BP反向传播算法推导

最新推荐文章于 2024-07-02 20:59:51 发布

DW_CK

最新推荐文章于 2024-07-02 20:59:51 发布

阅读量343

点赞数 1

文章标签：神经网络算法人工智能深度学习

本文链接：https://blog.csdn.net/DW_CK/article/details/118273633

版权

本文主要是在该文的基础上进行了自己的整理总结，如有不清楚的地方还请移步

1 准备工作

1.1 Sigmoid激活函数的导数

Sigmoid函数表达式：
$\begin{aligned} \sigma \left( x \right) =\frac{1}{1+e^{-x}} \end{aligned}$
其导数为：
$\begin{aligned} \\ \frac{d\sigma \left( x \right)}{dx}&=\frac{d}{dx}\left( \frac{1}{1+e^{-x}} \right) \\ &=\frac{e^{-x}}{\left( 1+e^{-x} \right) ^2}=\frac{\left( 1+e^{-x} \right) -1}{\left( 1+e^{-x} \right) ^2} \\ &=\frac{1+e^{-x}}{\left( 1+e^{-x} \right) ^2}-\left( \frac{1}{1+e^{-x}} \right) ^{\begin{array}{c}2 \\ \end{array}} \\ &=\sigma \left( x \right) -\sigma \left( x \right) ^2=\sigma \left( 1-\sigma \right) \end{aligned}$

2 神经网络结构图

$i$ 为输入， $h$ 和 $o$ 为两个全连接层

对神经网络的权重 $w$ 和偏置 $b$ 的参数进行初始化，如下图所示：

3 前向传播

1. 对 $h$ 层：

1.计算 $h_1$ 节点的全部输入
$\begin{aligned} net_{h1}&=w_1\times i_1+w_2\times i_2+b_1\times 1 \\ &=0.15\times 0.05+0.2\times 0.1+0.35\times 1 \\ &=0.3775 \end{aligned}$
2.计算 $h_1$ 节点的输出。 $h_1$ 节点的公式应该为 $out_{h1}=\sigma \left( wx+b \right)$ 其中， $x$ 为该节点的输入（在此处即 $i$ ）, $w$ 为权重， $b$ 为偏置， $\sigma$ 为激活函数（此处采用的激活函数即准备工作1.1中的Sigmoid激活函数）。

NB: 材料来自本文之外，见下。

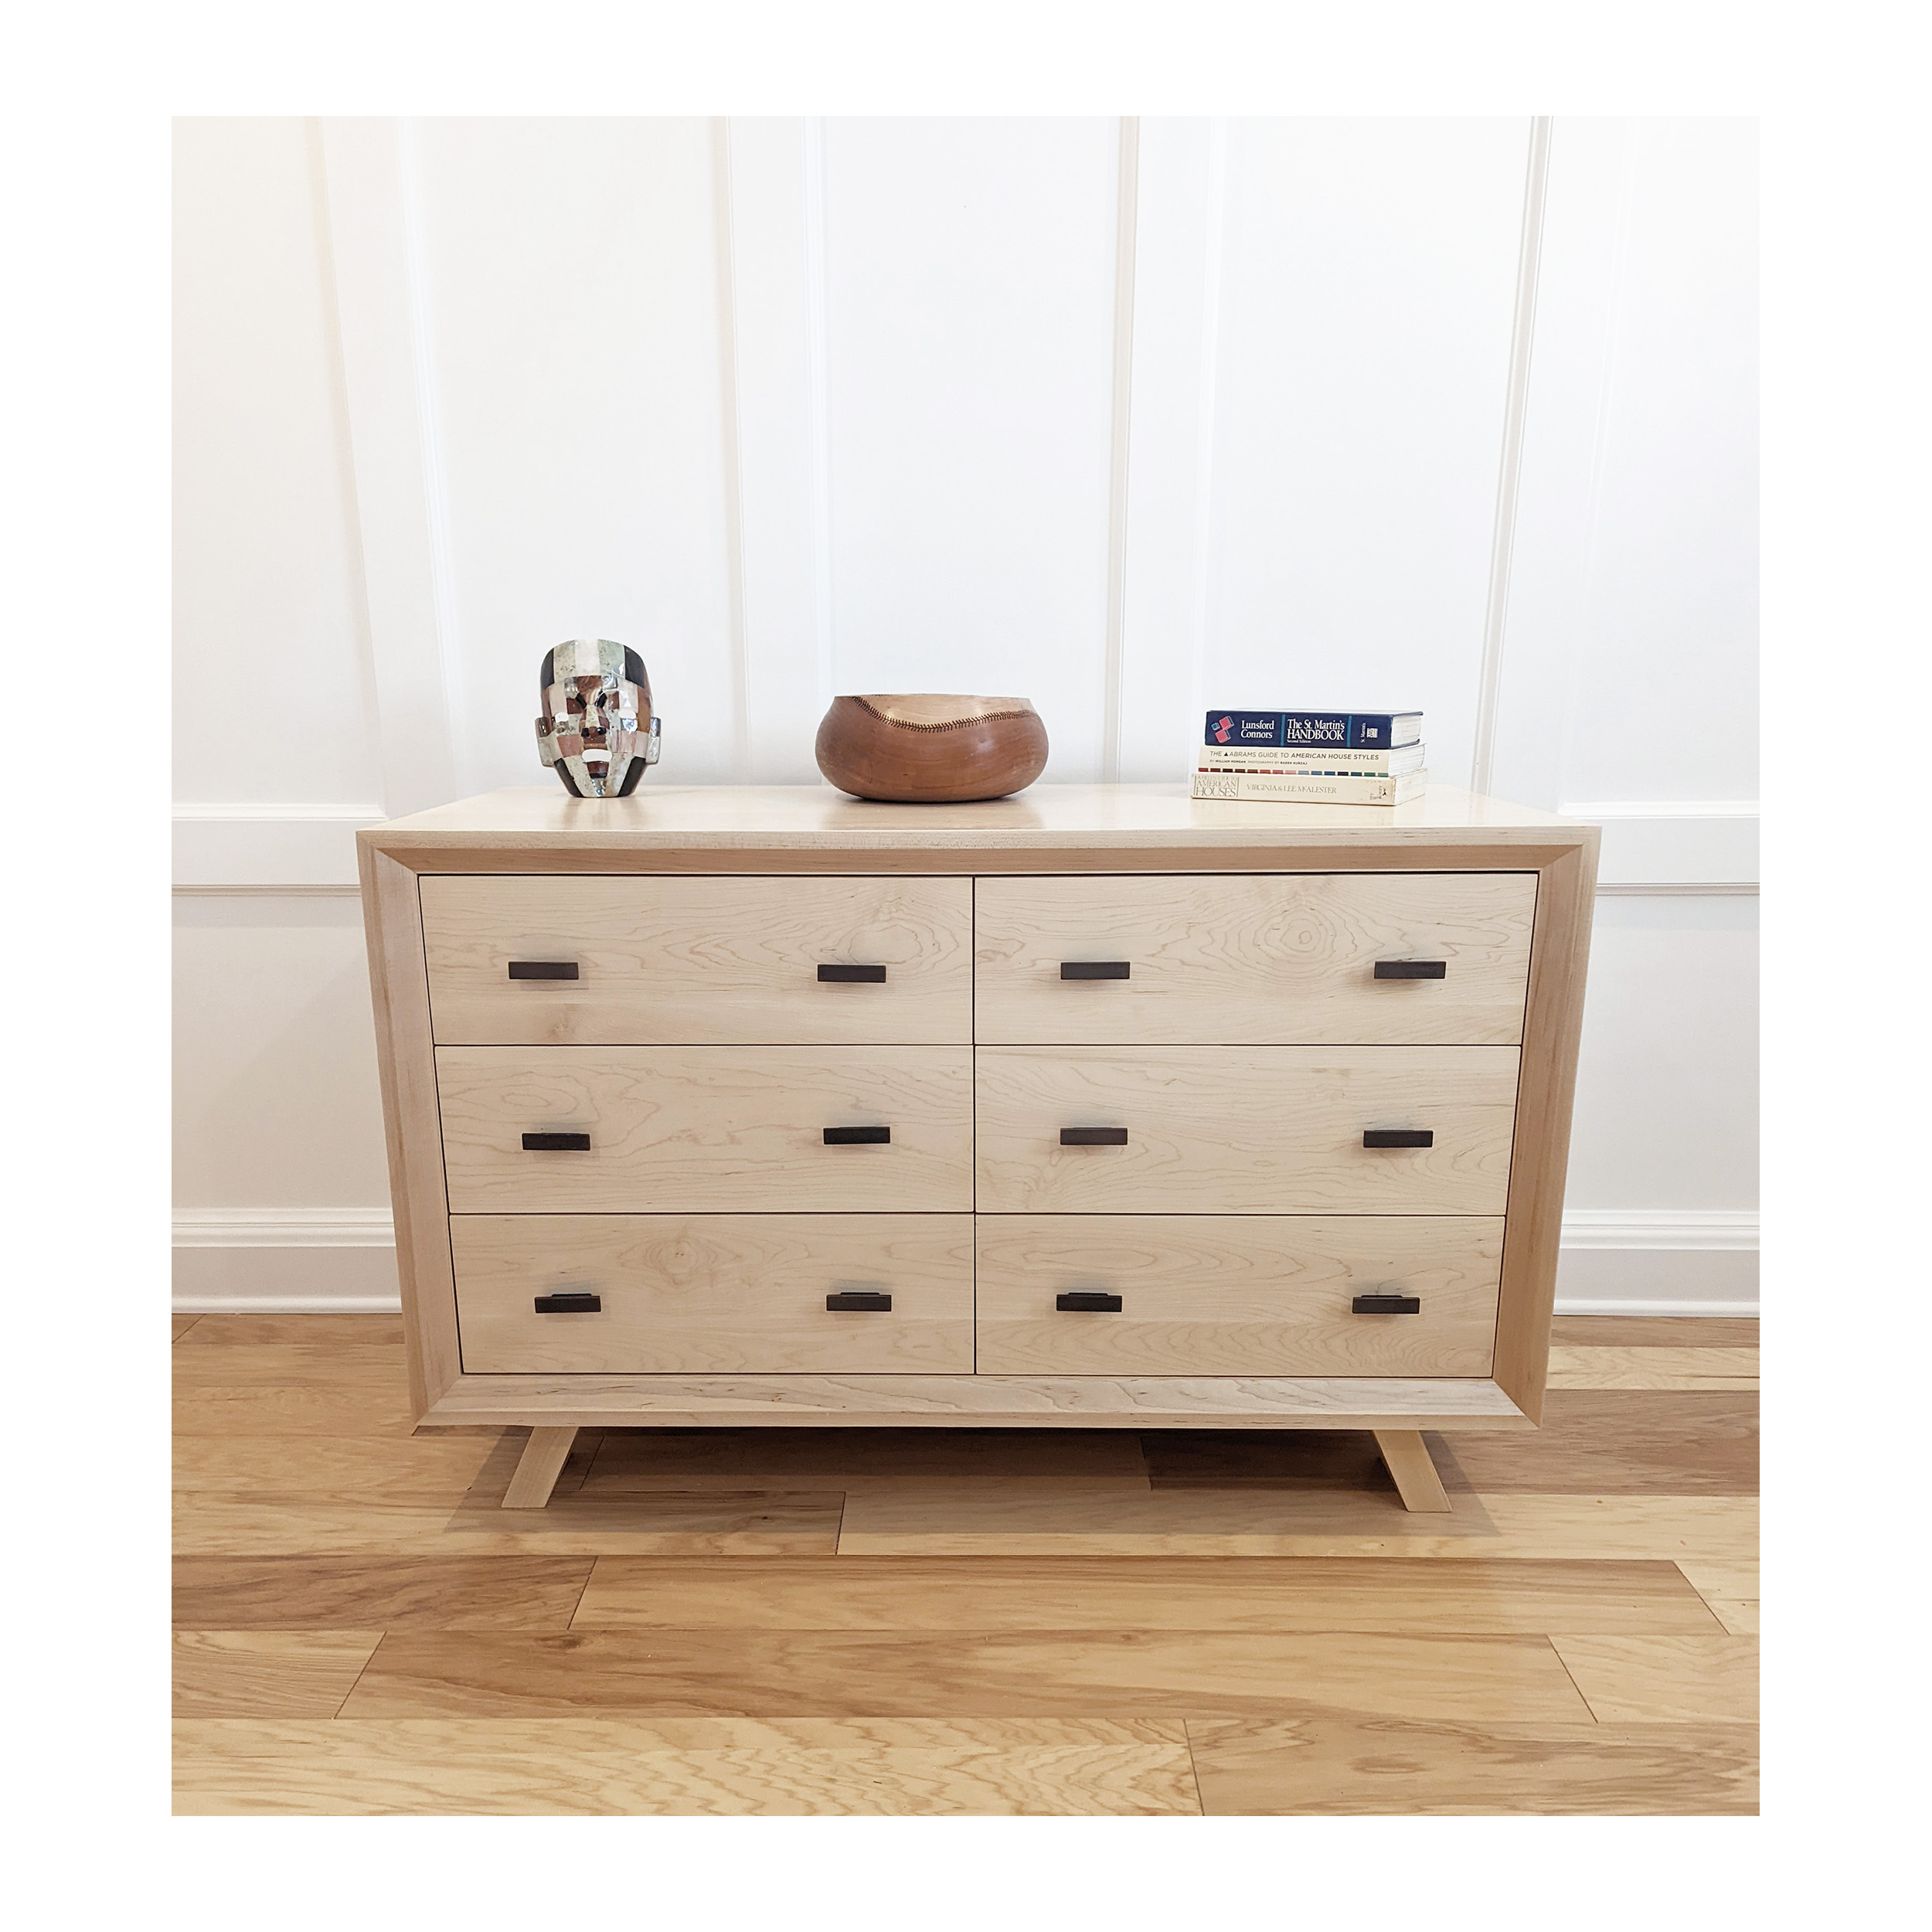 Series 555 Dresser With Six Drawers At 48″ In Width

则 $h_1$ 节点的输出为：
$\begin{aligned} out_{h1}&=\sigma \left( wx+b \right) \\ &=\sigma \left( net_{h1} \right) \\ &=\frac{1}{1+e^{-net_{h1}}}=\frac{1}{1+e^{-0.3775}} \\ &=0.593269992 \end{aligned}$
3.用同样的方法得 $out_{h2}=0.596884378$

2.对 $o$ 层

1.对 $o$ 层重复上述的过程：
$\begin{aligned} net_{o1}&=w_5\times out_{h1}+w_6\times out_{h2}+b_2\times 1 \\ &=0.4\times 0.593269992+0.45\times 0.596884378+0.6 \\ &=1.105905967 \end{aligned}$
则输出为：
$out_{o1}=\frac{1}{1+e^{-net_{o1}}}=0.75136507$
同理可以得到 $out_{o2}=0.772929456$

4 计算误差（Loss）

在这里采用均方差损失函数，其表达式为： $E_{total}=\frac{1}{2}\sum_{k=1}^K{\left( y_k-o_k \right) ^2}$ 其中， $y_k$ 为真实值（期望值）， $o_k$ 为输出值。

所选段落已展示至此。